The ONVIF Export File Format enables law enforcement as well as private users to more quickly and efficiently conduct forensic investigations using video of an incident from multiple sources.

The specification standardizes the file format and ensures a unified timestamp, which enables law enforcement the ability to accurately reconstruct a timeline of events during forensic investigation across a variety of different video sources. Export File Format also detects modifications to individual pieces of footage and preserves the digital authenticity of the footage with multiple signers, for example the video surveillance operator exporting the footage as well as the investigating officer.

Having a standard approach, often a challenge in multi-vendor environments, will increase the efficiency of the process. The export file format specification from ONVIF has been adopted for use by U.S federal law enforcement and also by the International Electrotechnical Commission as a global standard for video export and playback.

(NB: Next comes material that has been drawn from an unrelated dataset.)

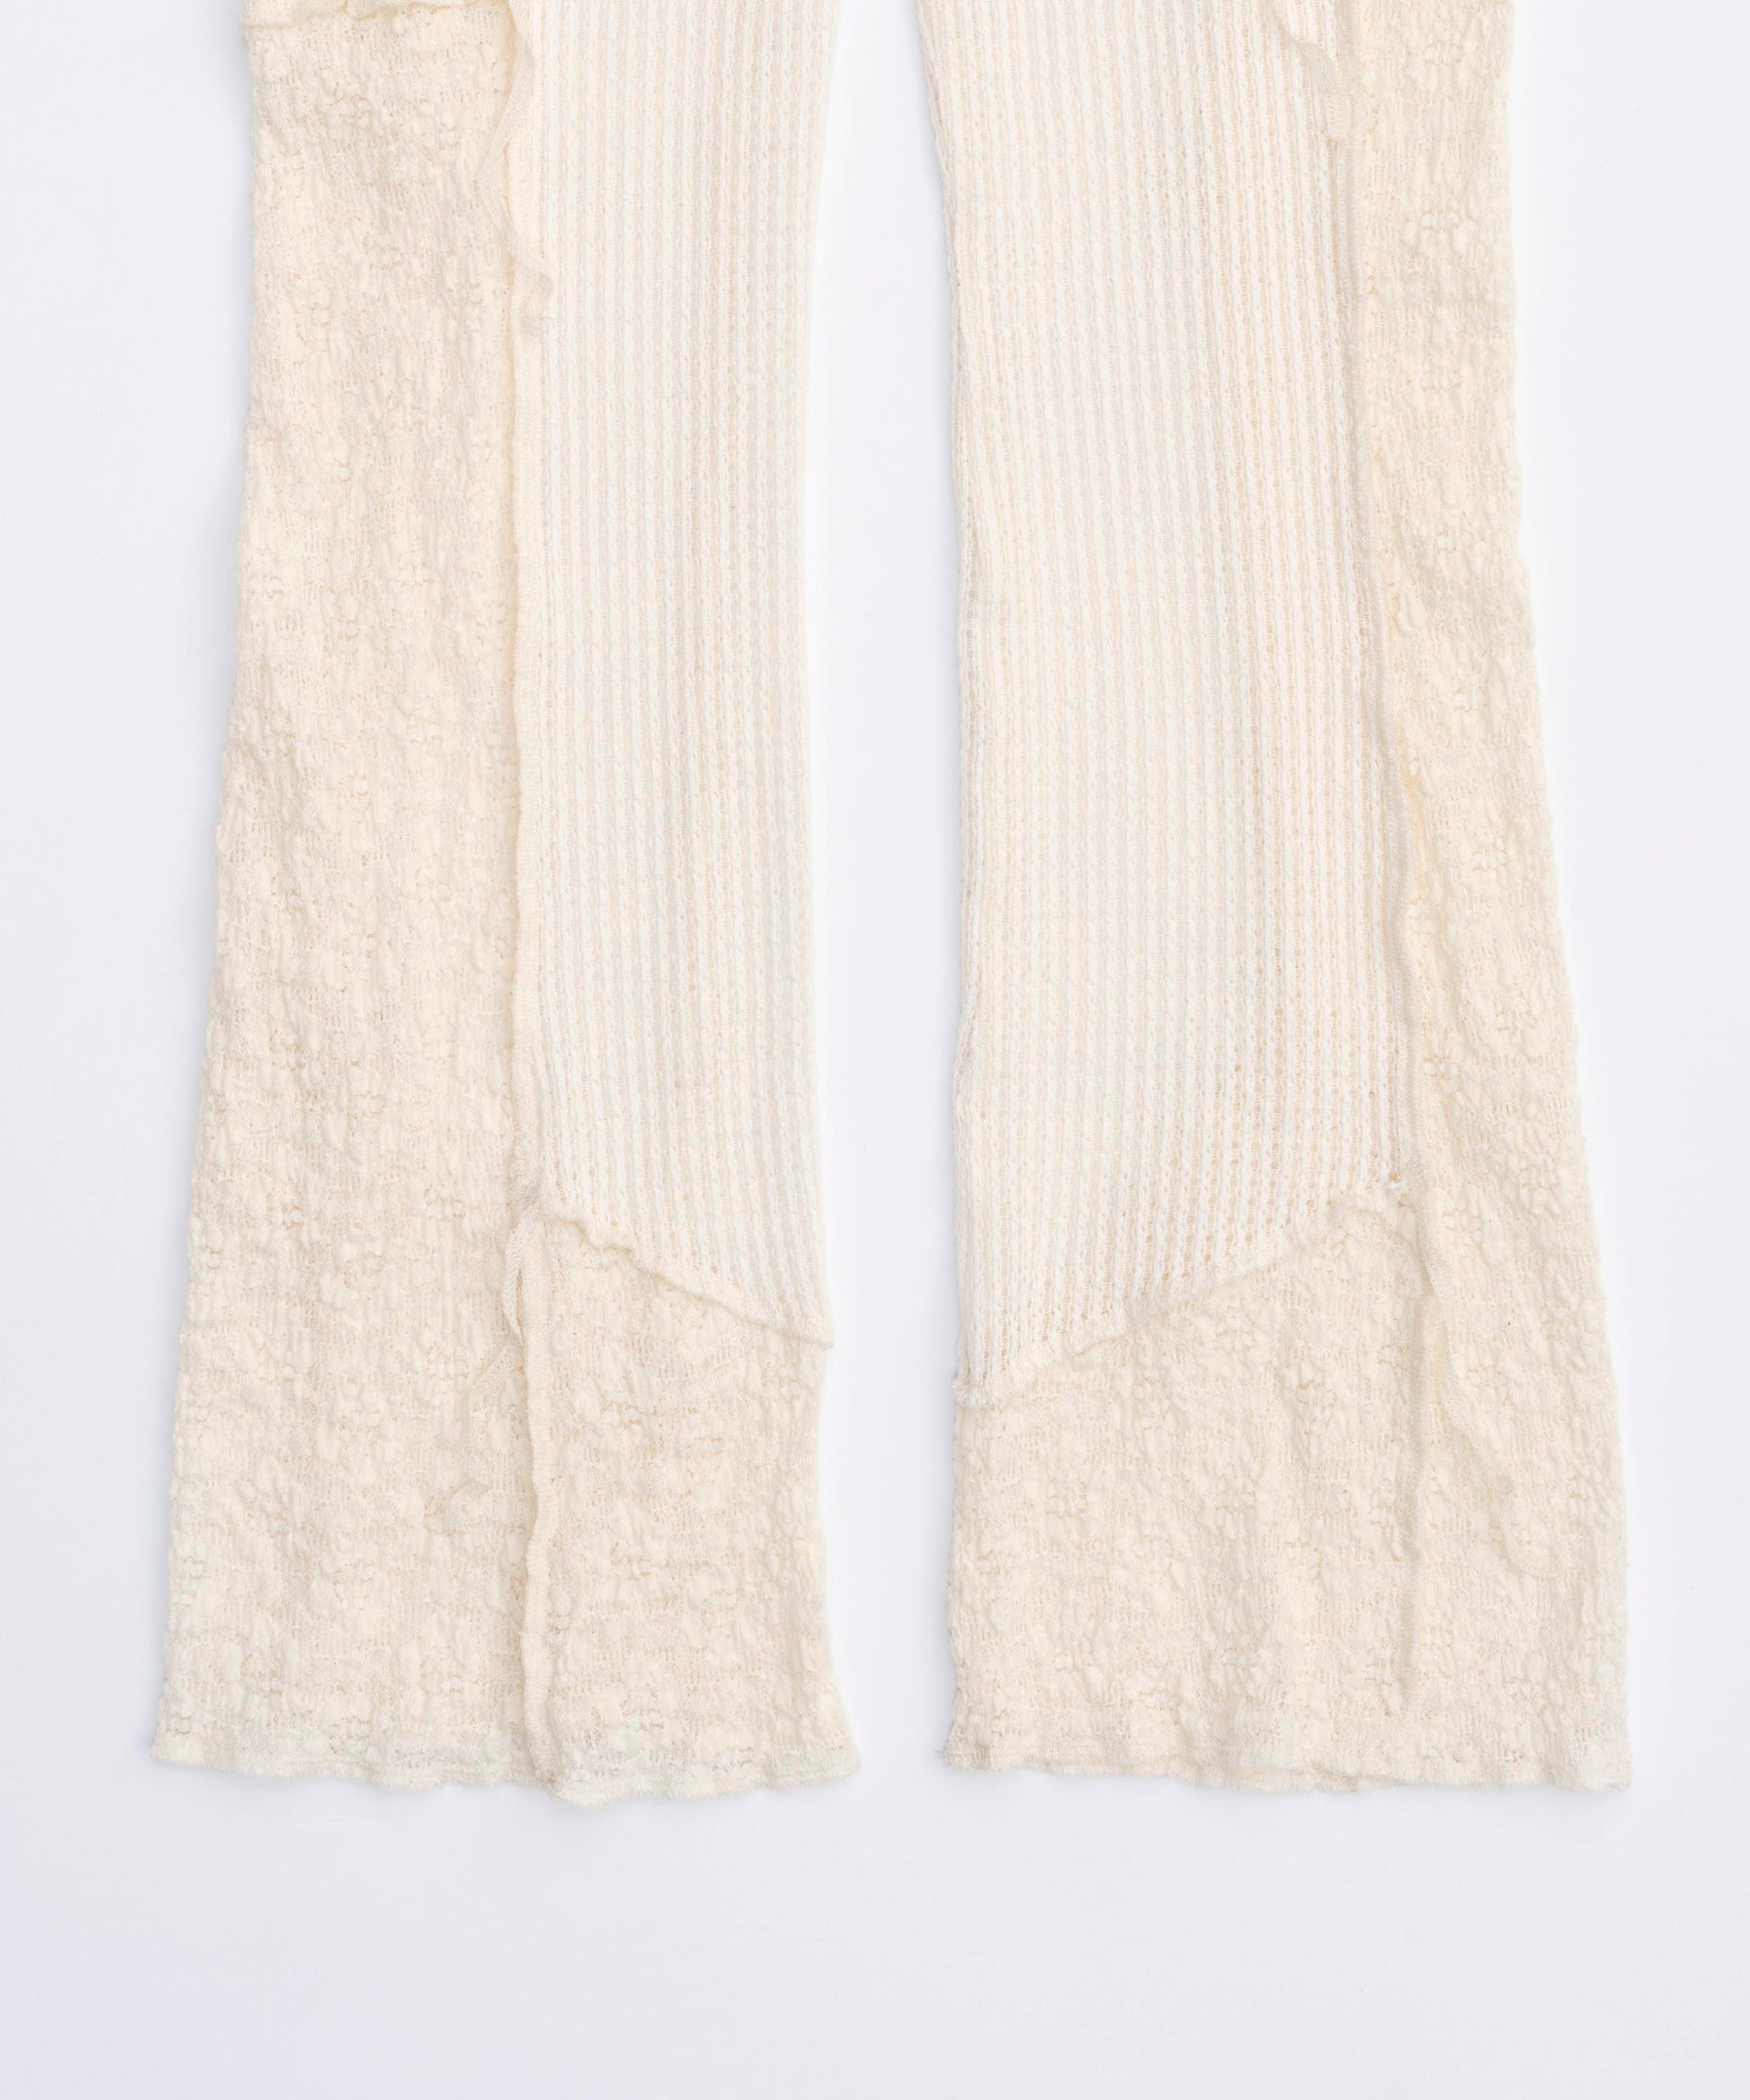 【PRE-ORDER】Mesh Combination Outseam Flare Pants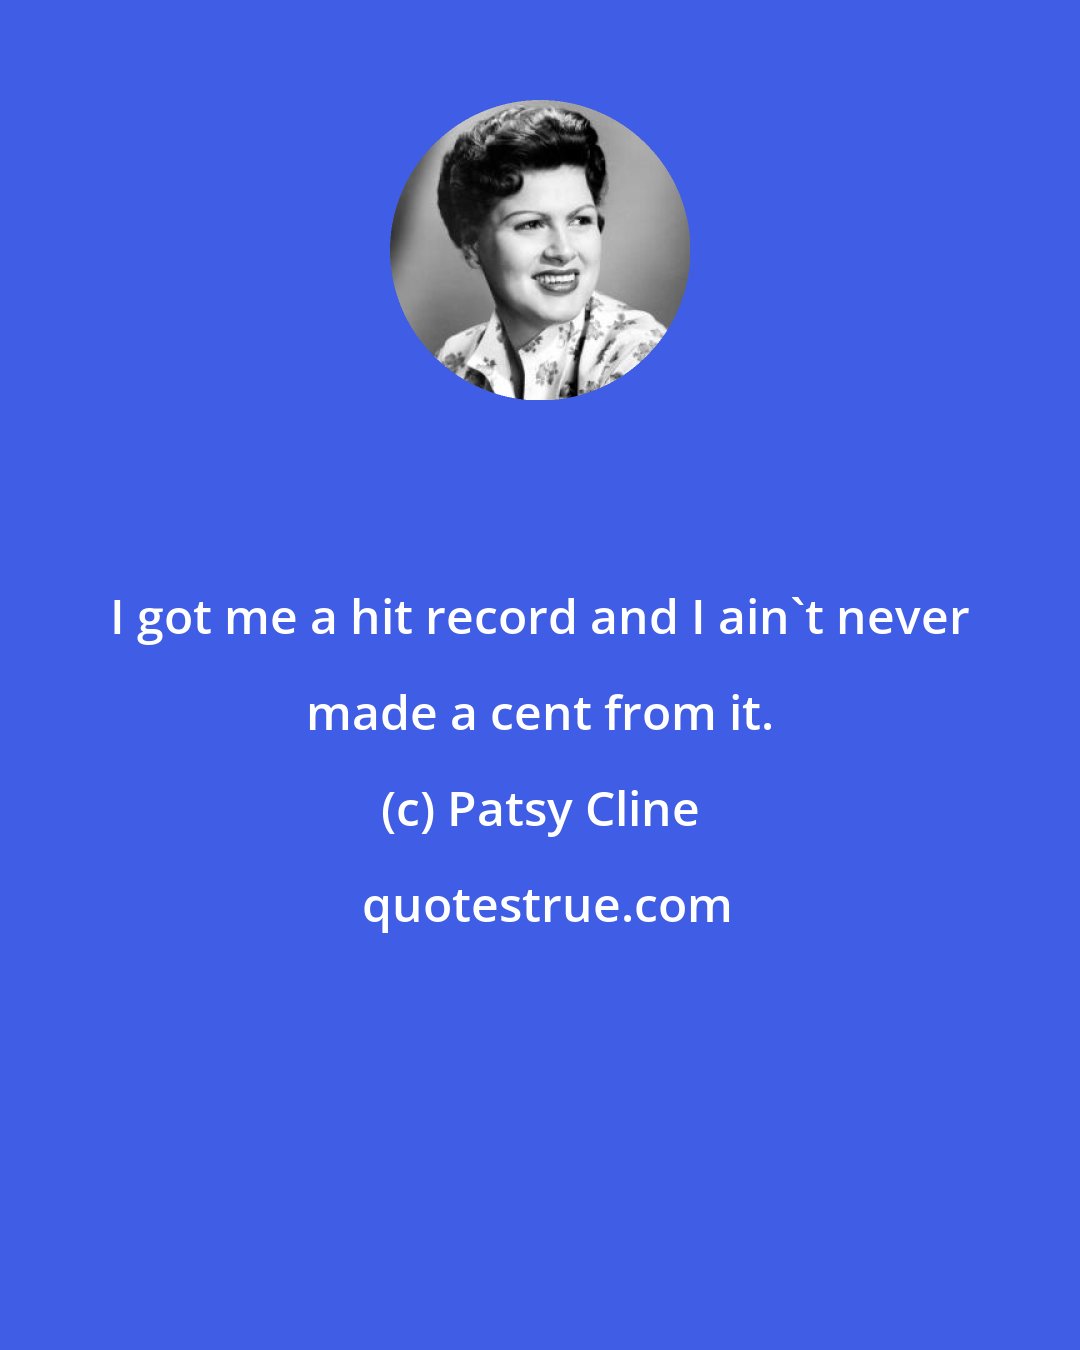 Patsy Cline: I got me a hit record and I ain't never made a cent from it.

ONVIF specifications and profiles make it possible not only to integrate devices in multi-vendor video security system deployments in safe city environments but offer an effective common export file format that can streamline post-event investigations where authorities are trying to react as fast as possible.

The push toward smarter, safer cities will continue to grow, as will the need for greater interoperability as municipalities seek to deploy new solutions to meet new challenges. With standardized approaches, cities can leverage the individual capabilities of many different standalone but interoperable solutions to create a solution that meets their own unique needs.


Leo Levit is Chairman of the ONVIF Steering Committee.